S is for sub-infested standalone expansion
Yesterday evening several Sailaway yachts disappeared without a trace and a Fishing: Barents Sea trawler almost capsized when something large caught in its nets. Steam are blaming careless whales and rogue waves; personally I suspect the culprit is Command: The Silent Service, a £15.50 Command: Modern Air/Naval Operations spin-off/expansion with an intriguing selection of scenarios and a potentially perturbing UI.
T is for testers required
Veitikka Studios are seeking gamers with military backgrounds and/or knowledge of Cold War weapons to alpha test their ambitious top-down tactics title, Armored Brigade. If you played AB incessantly back when it was a freeware project, all the better.

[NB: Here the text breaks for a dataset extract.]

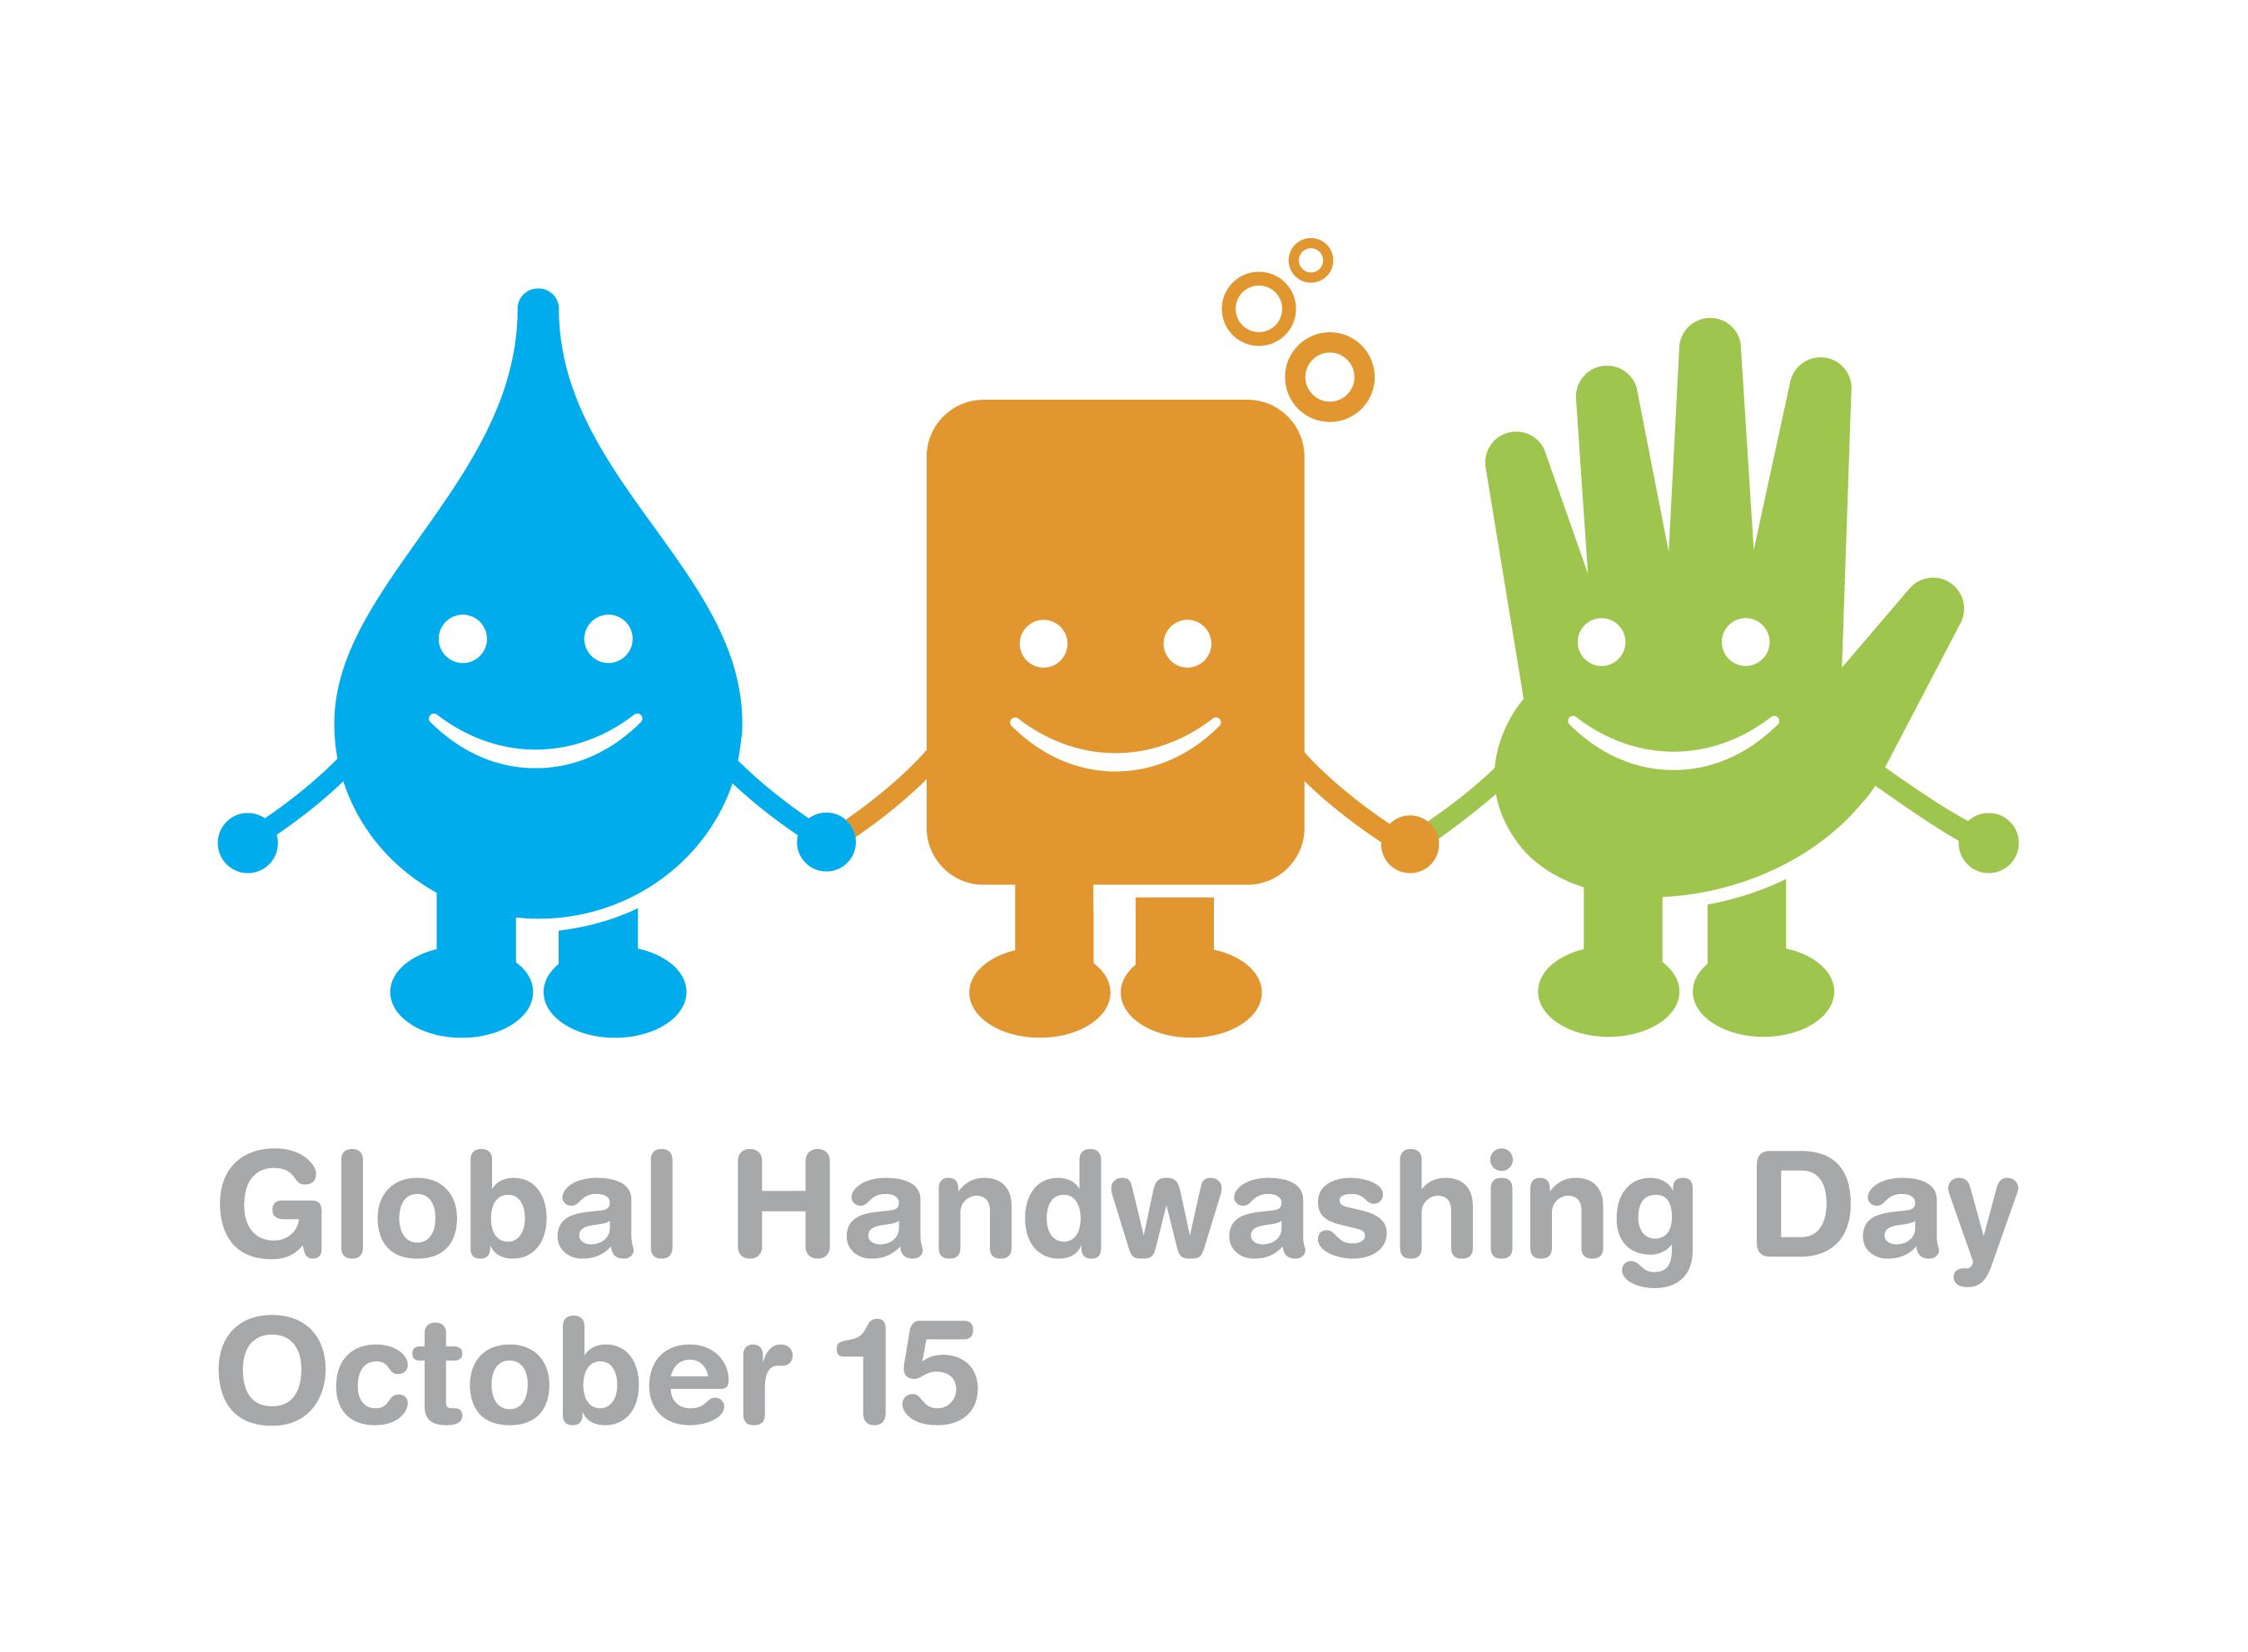 الأيام الصحية لعام 2016 اليوم العالمي لغسل اليدين

U is for under new management
Wargamer.com no longer has to paste this awkward disclaimer “This article covers a game developed and published by members of the Slitherine Group. For more information, please consult the About Us and Reviews Policy pages.” under many of its previews and reviews. Slitherine have sold the site, together with two of its siblings, strategygamer.com and pocketactics.com, to Bath-based media magnates Network N, the ex-Future folk behind PCGamesN.
V is for very nearly done
Killerfish kingpin Paul Sincock tells me Cold Waters customers should get their hands on the South China Sea campaign circa April. The sizeable freebie will come with new sub types, surface vessels and aircraft, and major terrain improvements.

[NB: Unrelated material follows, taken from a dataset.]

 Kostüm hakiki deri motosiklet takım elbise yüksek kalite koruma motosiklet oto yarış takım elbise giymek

W is for whaling moratorium
Sorry, no florid tales of Flora and her crew, this week. Having exhausted my supply of whale synonyms and already shed enough cetacean blood to fill several nightmare lidos, I’ve decided to put my Nantucket AAR on ice for the timebeing. If you’d like to see Thar She Blows! return at some point, lobby me in the usual manner, ideally providing some decent stand-in nouns while you’re at it. (Already used: whale, cetacean, leviathan, behemoth, beast, creature, monster, devilfish, grampus, boat stover, blubbery boomer, barnacled breakwater, Neptune’s pincushion, krill swiller, Jonah own3r, Ahabomination)
X is for X-Plane X-15
The best piece of simulation-related writing I’ve read this year has to be Chris Frishmuth’s description of flying hypersonic X-15s in X-Plane. One of Flare Path’s atypical simmers Chris has taken a self-modified version of the default X-Plane X-15 from wild blue yonder to jet black yonder over a hundred times, and in doing so, has had ample opportunity to reflect on the extraordinary courage and skill of astronauts/test-pilots like ED White, Bill Dana and Neil Armstrong. His observations and images make for a riveting read.
Y is for you could win…
…a copy of the delightful Diesel Railcar Simulator , if you send me (timfstone at gmail dot com) a photo of yourself holding a railway-related book or magazine. Faces aren’t mandatory but I would like to be able to make out the title of the tome/mag in question. Thanks to Oskari’s generosity there are five DRS Steam activation codes up for grabs and they’ll go to the people whose pics arrive first. ALL CODES CLAIMED
Z is for Zulu Dawn
Jeff Lapkoff isn’t one of life’s lingerers. I felt his last creation, Combat Actions: Vietnam, needed some reworking here and there, but the chance of change now appears remote. Returning to a colonial conflict he’s rather partial to, Jeff is currently focussed on a 3D tactical recreation of the Battle of Isandlwana. I’m already picturing a maddening mini-game involving screwed-shut ammo boxes, sweaty screwdrivers, and rising panic.